Tuesday, February 06, 2007

A Spacey Soap Opera

Are mentally disturbed, adulterous and horny astronauts to blame for NASA space disasters? The news coming from Florida makes you wonder...

Saturday, February 03, 2007

Say No to Our Satanik Public Schools

Here it is. The sight most dreaded by young children around America: the great sickly orange beast. Lurching down the road, spewing forth evil smelling diesel fuels, it snatches up our precious youth one by one and takes them into the very deepest, dankest pits of hell: public school.

Once secured in their mind control containment units, (i.e., classrooms) the children are subjected to hours of mind-numbing, IQ-reducing state-sanctioned propaganda.

The curriculum is distributed and controlled by the NFTA, (No Free Thought Allowed) otherwise known as the Department of Education. Further enforcement is done at local levels by the PTA (Propaganda Training Administration). The UEA/NEA consortium lobbies state and federal legislators to overlook the misdeeds (particularly sexual misconduct) and incompetencies of the propaganda instructors, who get a free pass due to a particularly nasty bit of unwritten law known as "Tenure".

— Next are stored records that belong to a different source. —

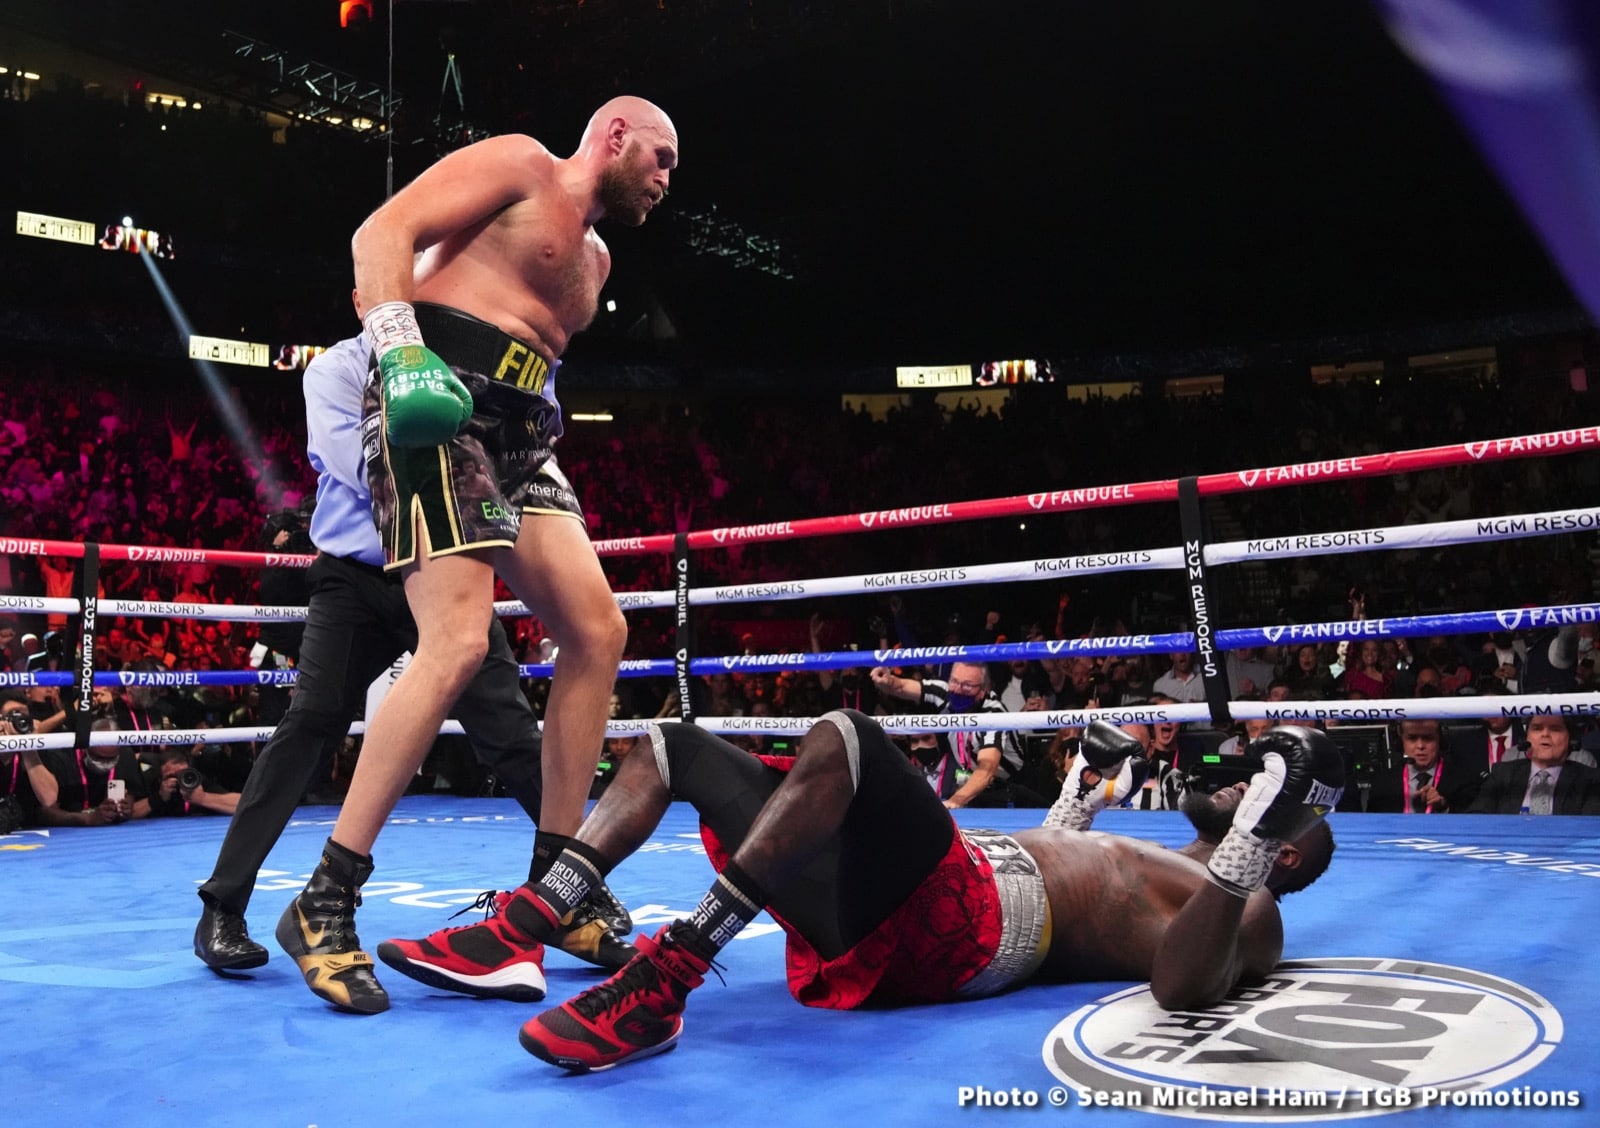 Daniel Dubois, Dillian Whyte, Tyson Fury boxing photo and news image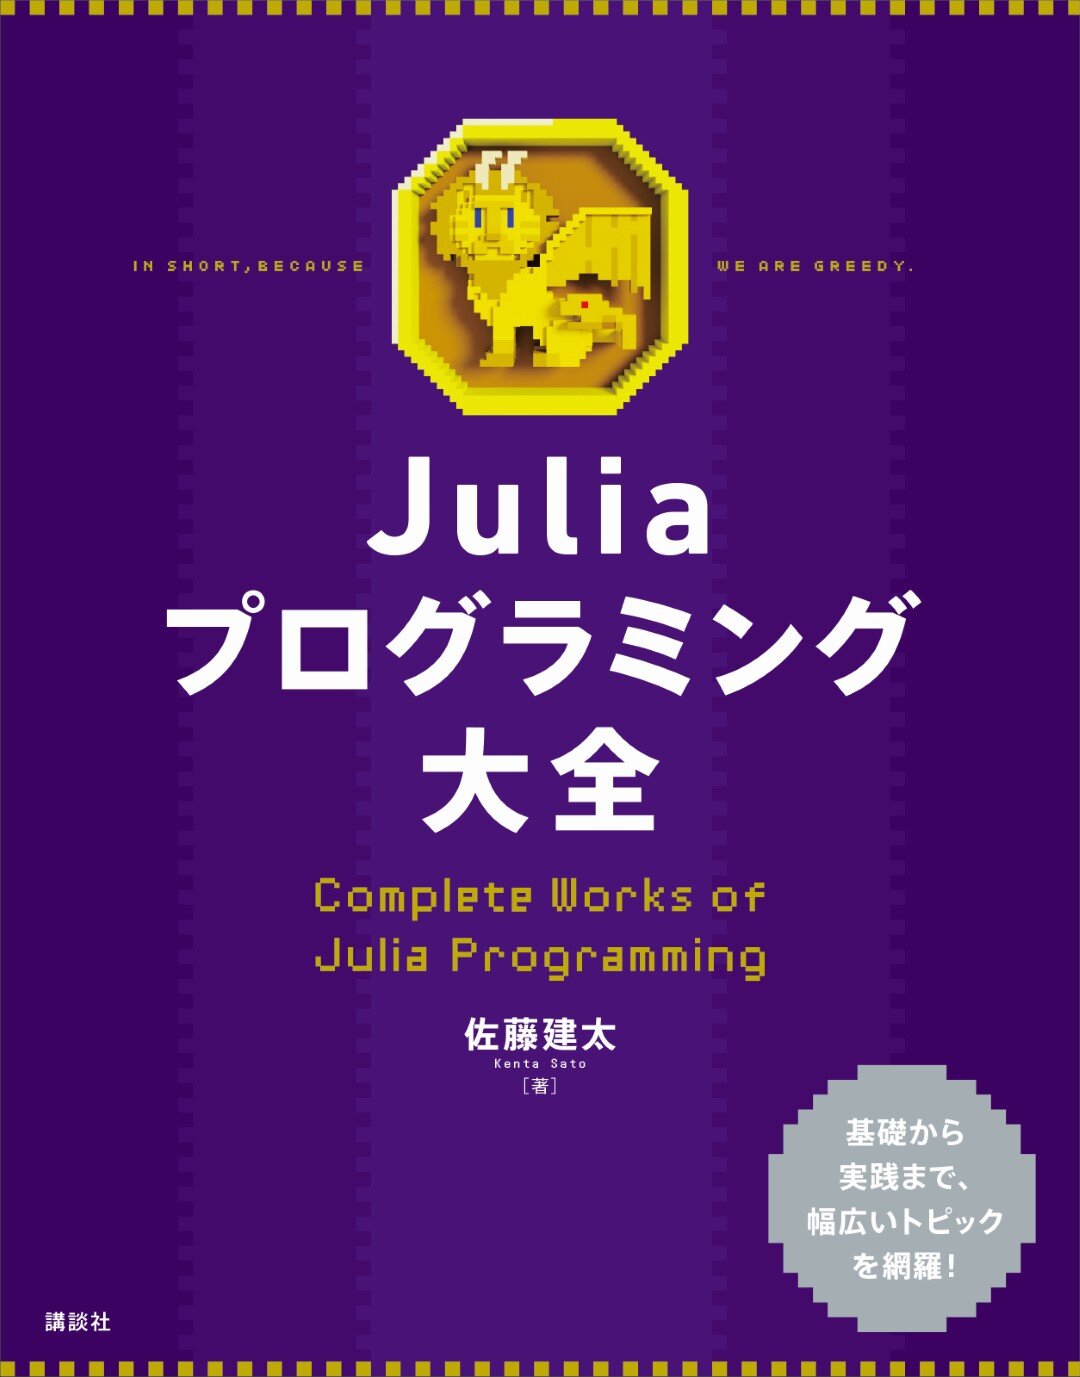 Juliaプログラミング大全 書籍情報 株式会社 講談社サイエンティフィク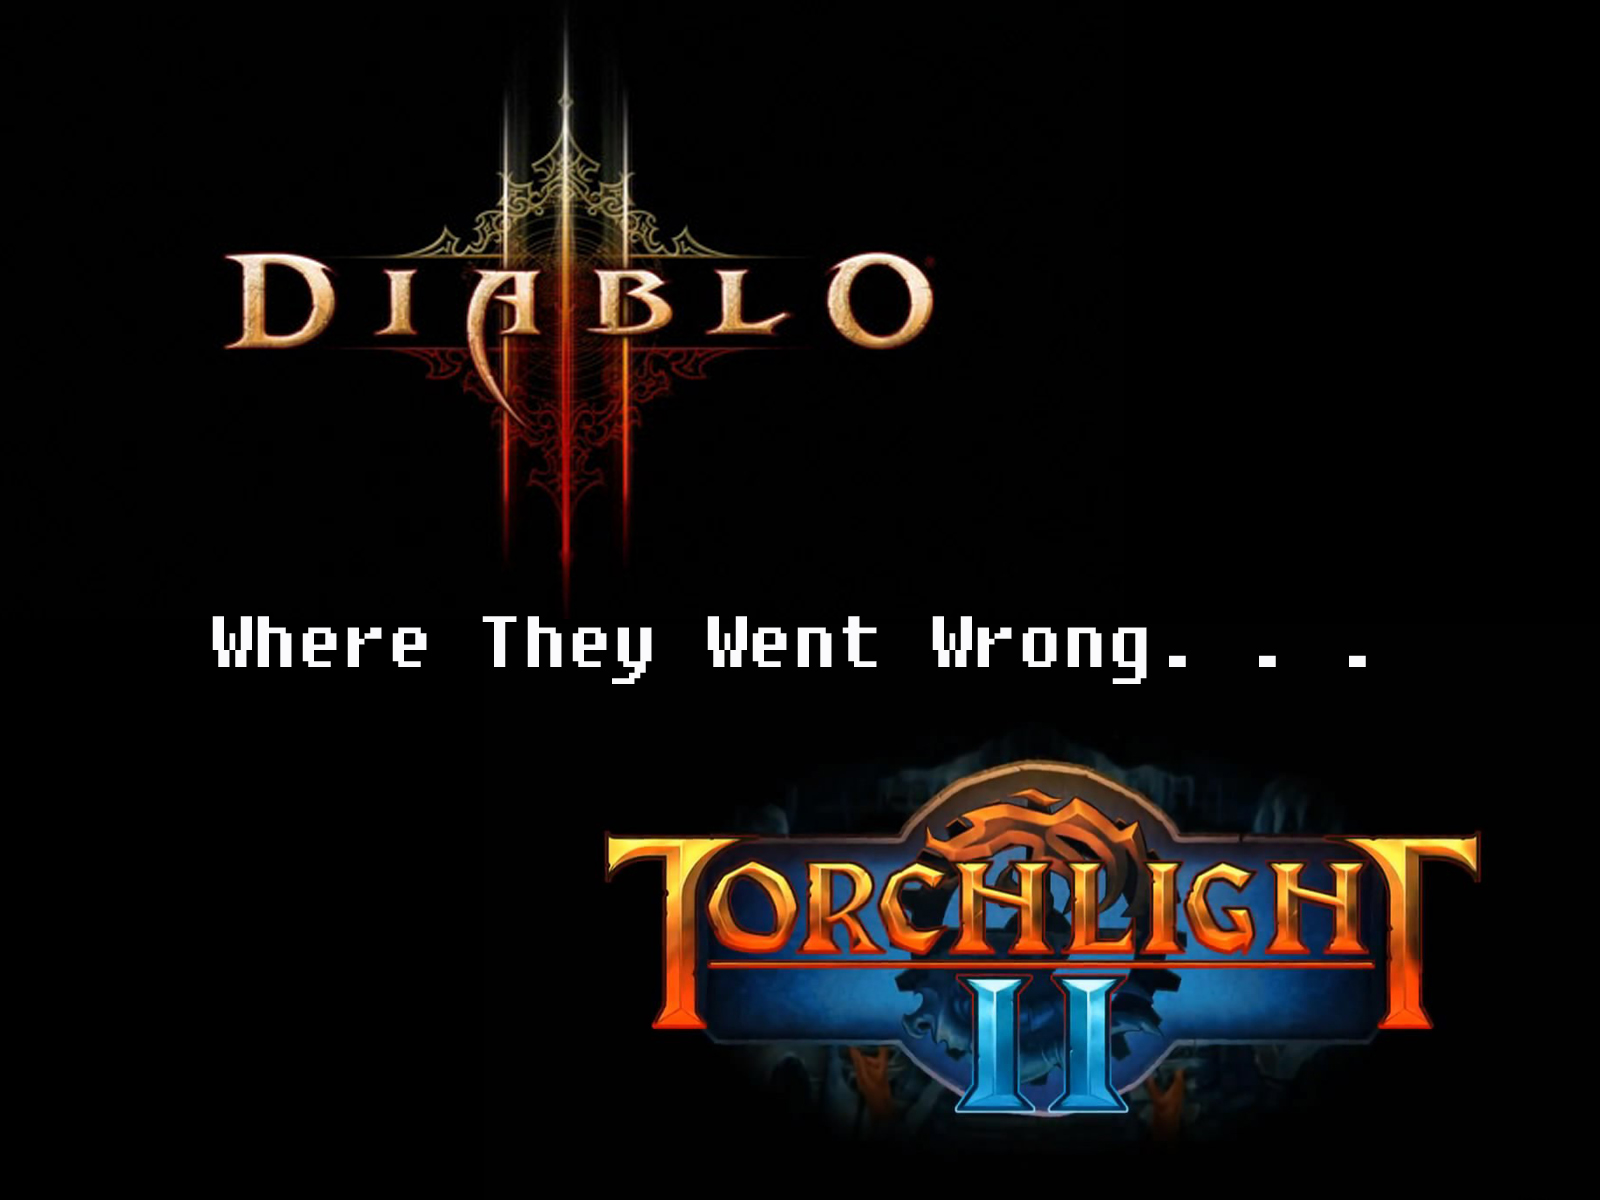 Diablo 3 and Torchlight 2 logos

What can we do to overcome this completely Satanik, and Most Demonik and Evil institution which is rotting the brains of our youth and leaving them vulnerable to the predations of sickos who should be neutered, diced, quartered, shot and then burned?

Two options: One: let them stay home, watch TV and eat junk food - they'll still be learning next to nothing (just like in school) and eating garbage (just like in school). But they'll be happier and less difficult to deal with. Also, you won't have to worry about coming home one day to find out that little eleven year-old Jonny has been learning about his ding-a-ling with Ms. McKenzie in fourth period and that he is going to be a daddy in six months.

The second option: Monturf Youth Academies. Colonel Monturf, world-renowned for his military conquests in such global trouble spots as far northern Greenland, has opened up a center for intellectual, emotional and spiritual "guided facilitation" just outside La Verkin, Utah.

The C.I.E.S.G.F. will teach your children about what really happened in history, why Michael Jordan and Joe Montana both suck and should die, and how to assemble nuclear weapons out of discarded vacuum parts, chewing gum and earlobe hairs in less than an hour. Once trained, the youth will go forth to serve their master, Caesar Monturf for an period of five to fifteen years. Yes, they may die. Or be horribly mutilated. Or take up with Asian hookers and get all sorts of really nasty STDs. But at least it was the choice of YOU, the parent and rightful owner of the fruit of your loins. Plus, if you sign up now, you'll receive a beautiful commemorative dinner plate, complete with your child's photograph and gold inscription "I Serve the Monturf".

The choice is yours. But act quickly, before Ms. McKenzie shows up at your door with a round belly.